# Why I'll never use



## Satcomer (Jul 5, 2012)

After the news of Cisco Changes Privacy Policy in Cloud Connect Service I am now convinced never to use this companies home router ever again. To me the 'social' cloud junk has to stop being forced down our collective throats!


----------



## Satcomer (Oct 14, 2013)

A new threat announced to tody for anyone using Linksys Routers: D-Link Router Vulnerable To Authentication Bypass

So why do people trust the cheaply made Linksys routers anymore?


----------



## Satcomer (Feb 23, 2014)

Well it's getting worse according to the BBC article Security failings in home routers exposed. It now involves Asus as well as Linksys & D-Link. I guess unless Apple routers get named this will be shelved in the tech blogosphere.


----------



## g/re/p (Feb 24, 2014)

When TWC stared charging rental on my router, I bought my own.
Got a Netgear CG3000D-RG, and it appears to be an excellent choice so far.


----------



## SGilbert (Feb 24, 2014)

g/re/p said:


> When TWC stared charging rental on my router, I bought my own.
> Got a Netgear CG3000D-RG, and it appears to be an excellent choice so far.

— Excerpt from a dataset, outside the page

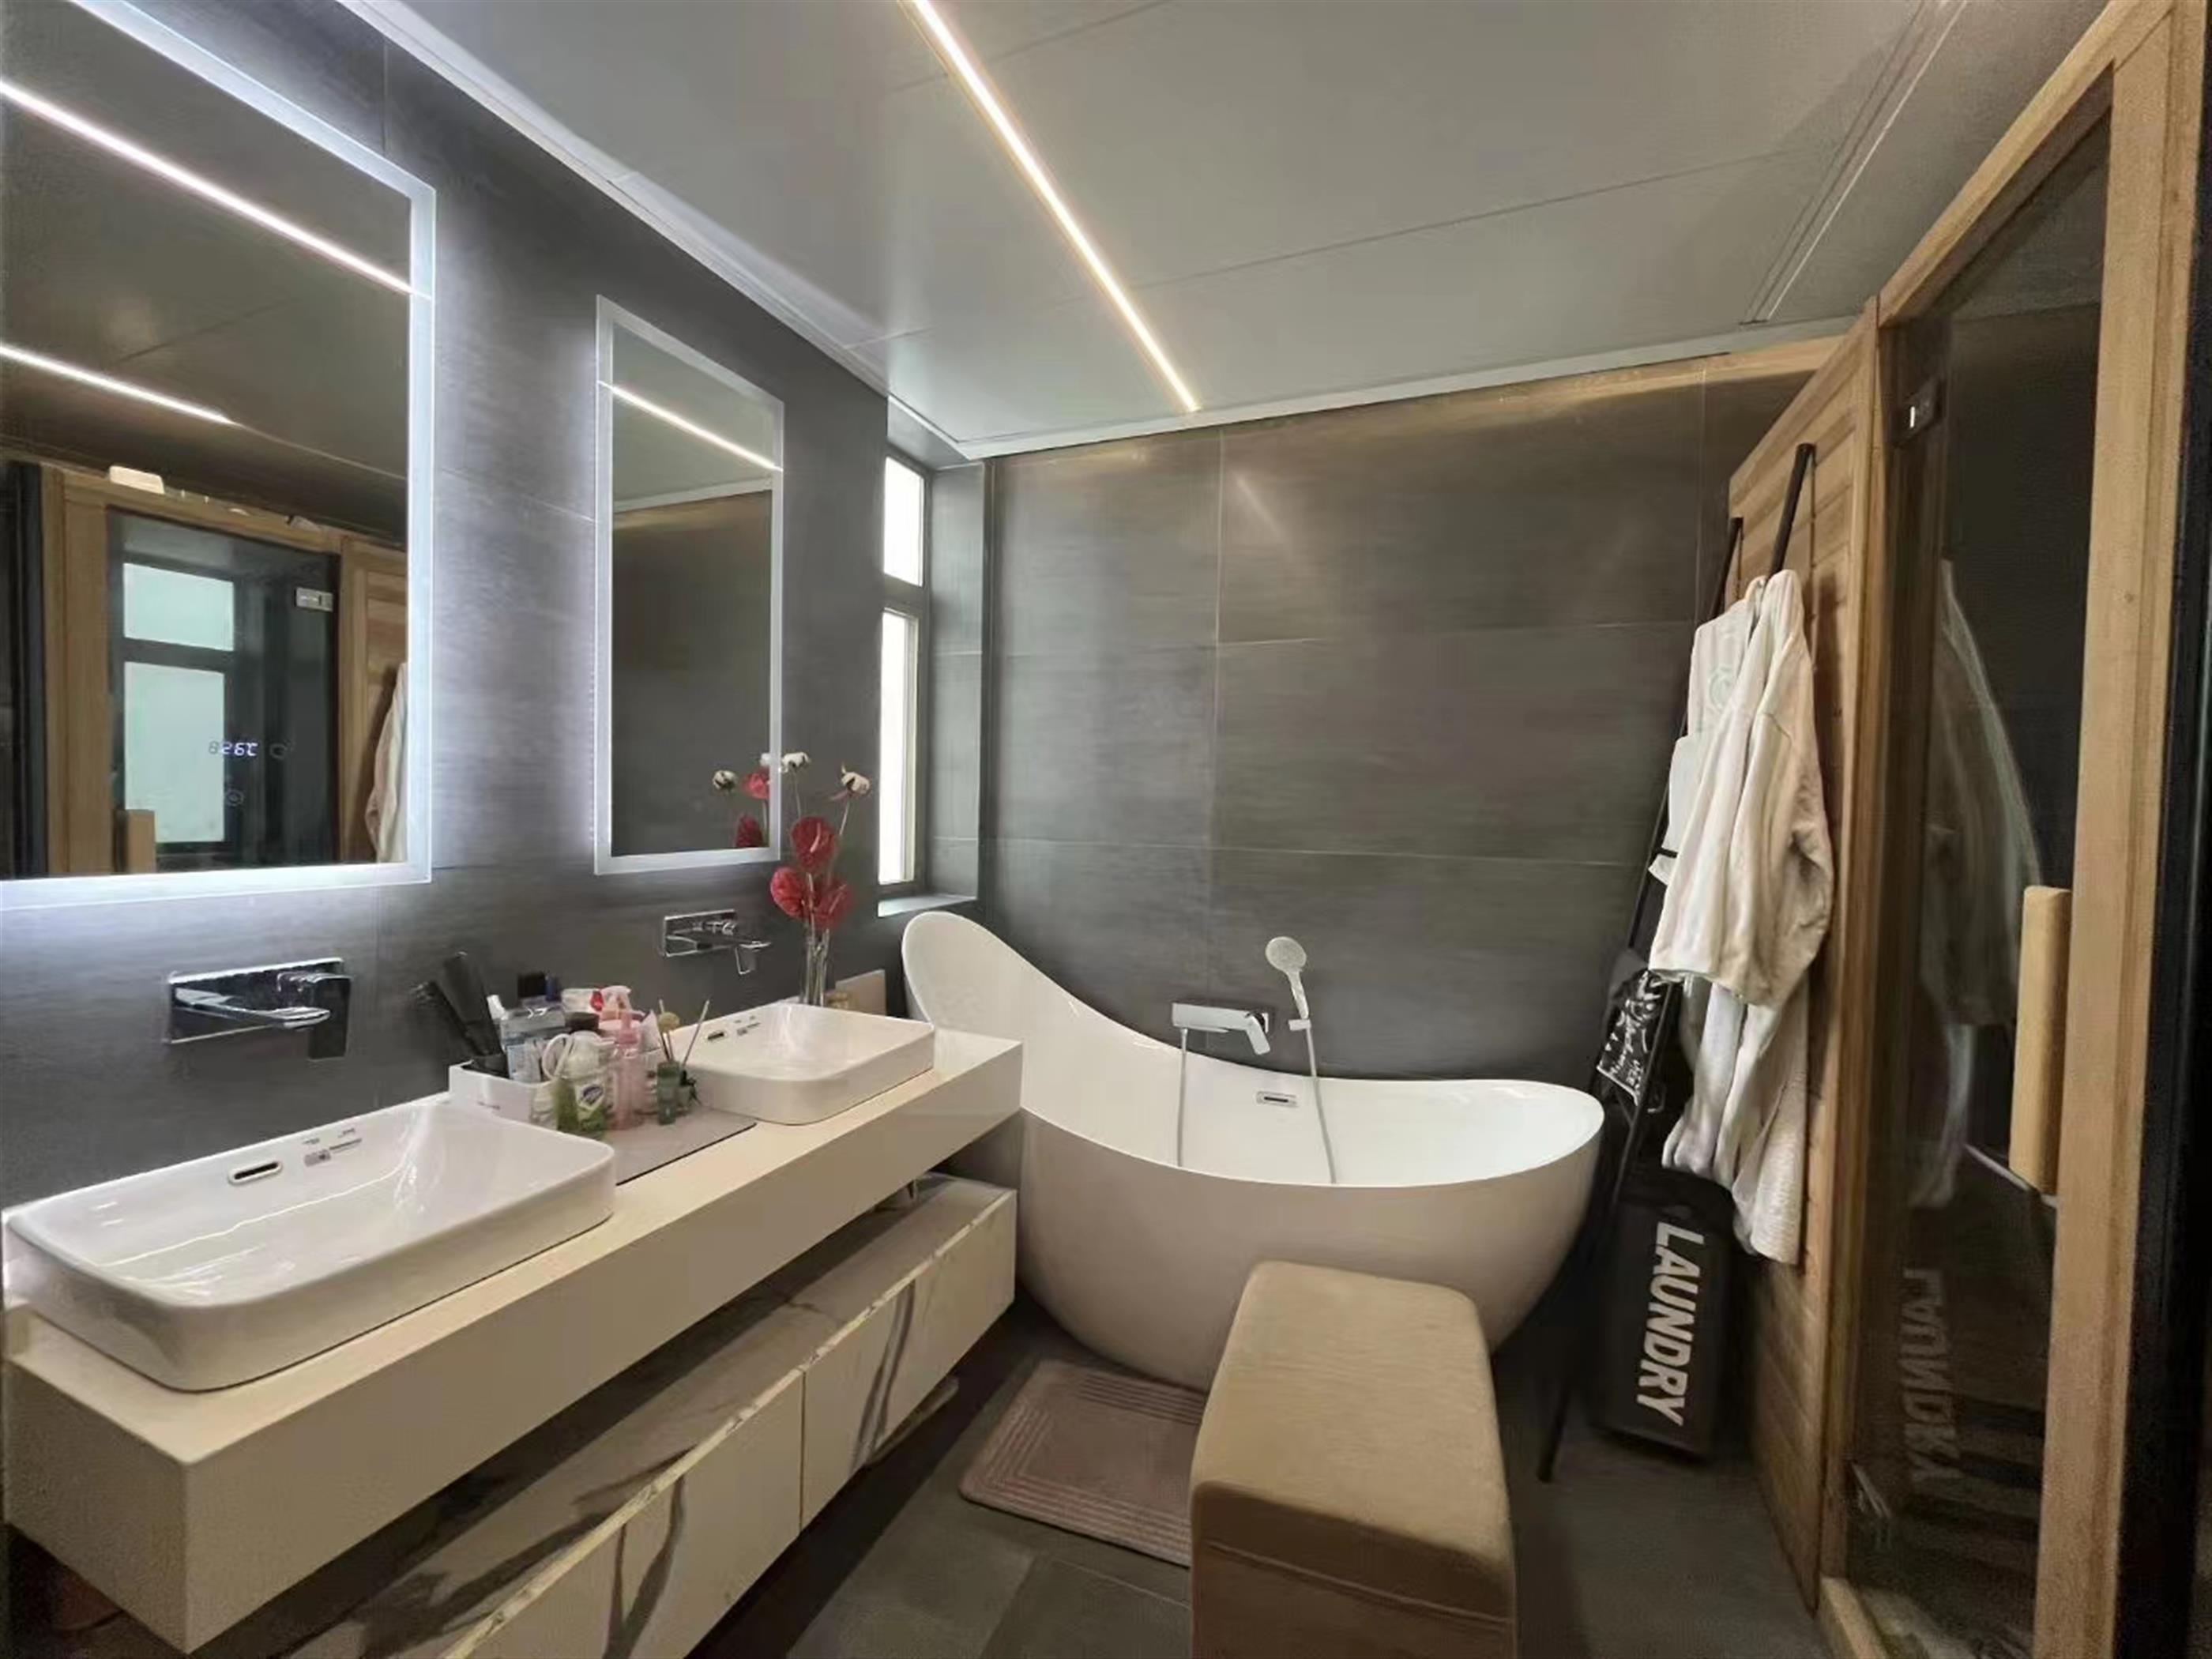 Comfy Bathtub Classic Spacious Chic 3BR Apartment for Rent in Shanghai’s Jing’an Temple Neighborhood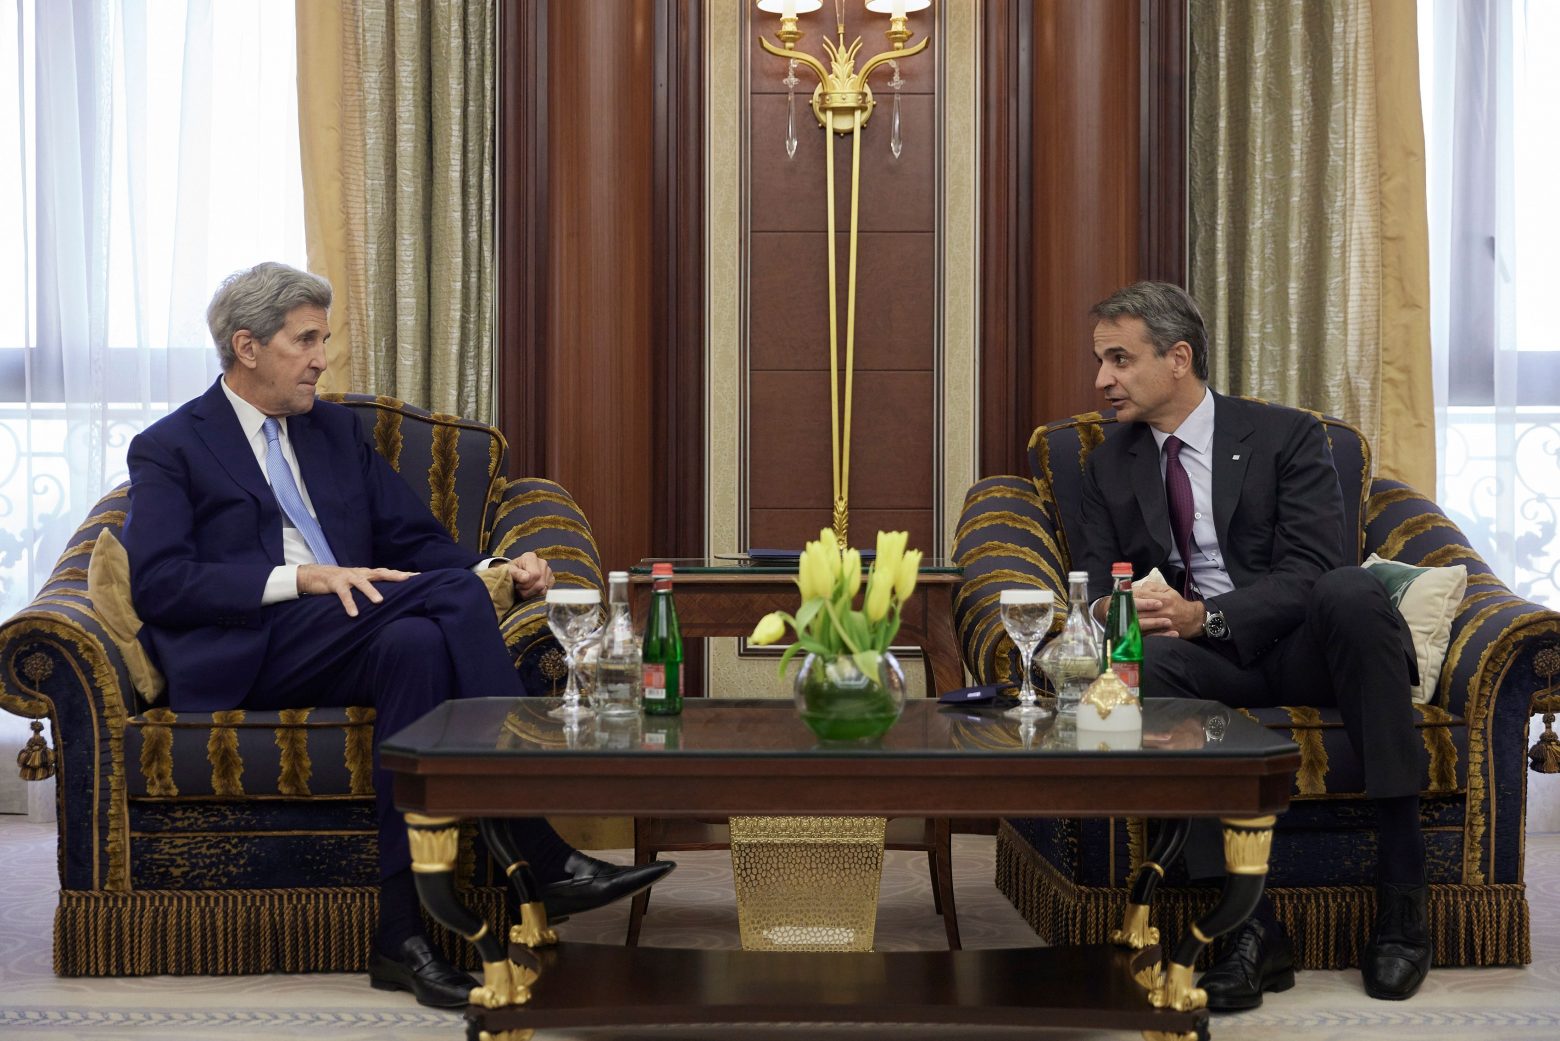 PM briefs US special rep for climate John Kerry on sidelines of Mideast Green Initiative summit in Riyadh

Likewise, on Comcast, with my Netgear WNDR4500. Also own my Motorola SB6121 cable modem.
Both have been bullet proof. (knock on wood!)


----------



## Satcomer (Jan 11, 2016)

Well Netgear Router Hacked so most users can do is disable remote access and change your router password and out once every six months!

Also NEVER trust ISP modems and routers! You will save tons of money!


----------



## jbarley (Jan 19, 2016)

Satcomer said:


> Well Netgear Router Hacked so most users can do is disable remote access and change your router password and out once every six months!
> 
> Also NEVER trust ISP modems and routers! You will save tons of money!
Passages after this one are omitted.